In addition to the standard techniques in data science, ensemble modeling is an additional technique that stood out to me as interesting and useful. Models have errors that can be generally categorized in three categories: inherent randomness, bias, and variance (Provost and Fawcett 2013, 309). Every model is going to have a different blend of how each of these error categories impact their overall errors. An ensemble model that is built upon multiple different models can be a useful way to minimize these errors. Since each model has their inherent biases, ensemble models combining different predictions can lead to those errors cancelling out and a stronger result (Provost and Fawcett 2013, 309).

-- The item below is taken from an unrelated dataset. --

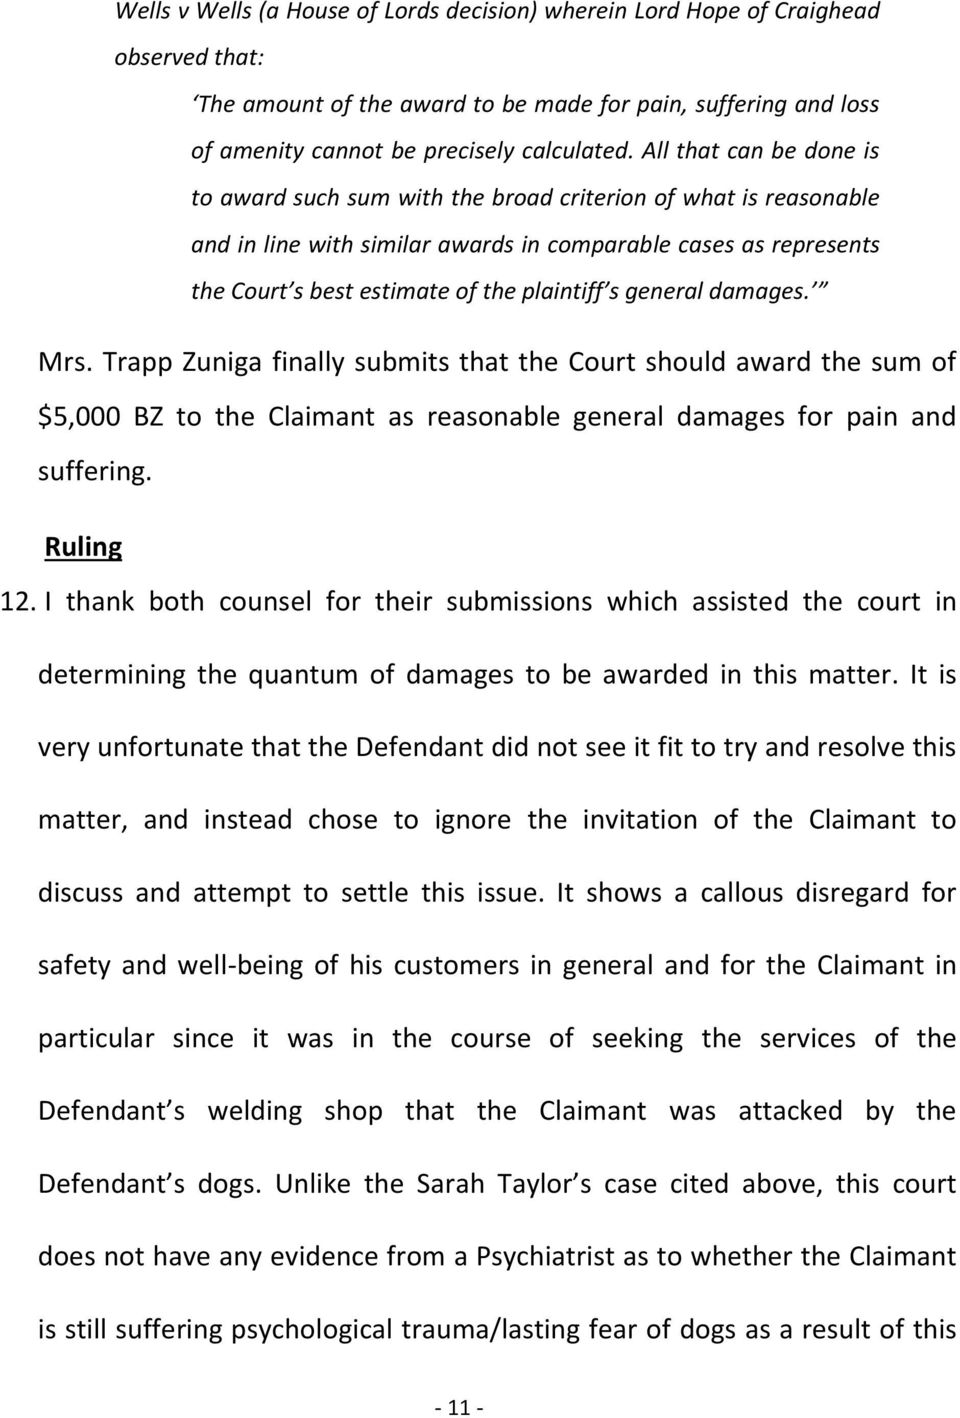 general damages. Mrs. Trapp Zuniga finally submits that the Court should award the sum of $5,000 BZ to the Claimant as reasonable general damages for pain and suffering. Ruling 12.

I find this technique interesting because it can take models built by experts in different fields and combine them to create a much more complex and dynamic model that is better at predicting real world complexity with less errors. The most interesting application of this method is the IPCC’s climate reporting. Ice core, tree ring, and atmospheric data models all have different issues with the data and biases in each model. However, when all these types of models are combined a clearer picture of climate change and anthropogenic effects are seen. While each model may have variability and assumptions within it, they all begin to independently highlight a core truth. When these models are placed into an ensemble model those assumption biases, and randomness in the datasets, begin to cancel out and bring out clearer patterns that are more robust. I think ensemble modeling is a very useful approach in handling extremely complex data science projects because it allows the problem to be broken down into pieces and different experts can tackle each specific sub-model with their business understandings to achieve the greatest results. Being a musician, I like to think of ensemble modeling like an ensemble or orchestra in music. Many different players, with some of their own flaws and timbre, coming together to create one giant piece of work that tells a story grander than just any one part could.
Author: Logan Callen
Provost, Foster and Tom Fawcett. 2013. Data Science for Business. 2nd Edition. California: O’Reilly Media, Inc.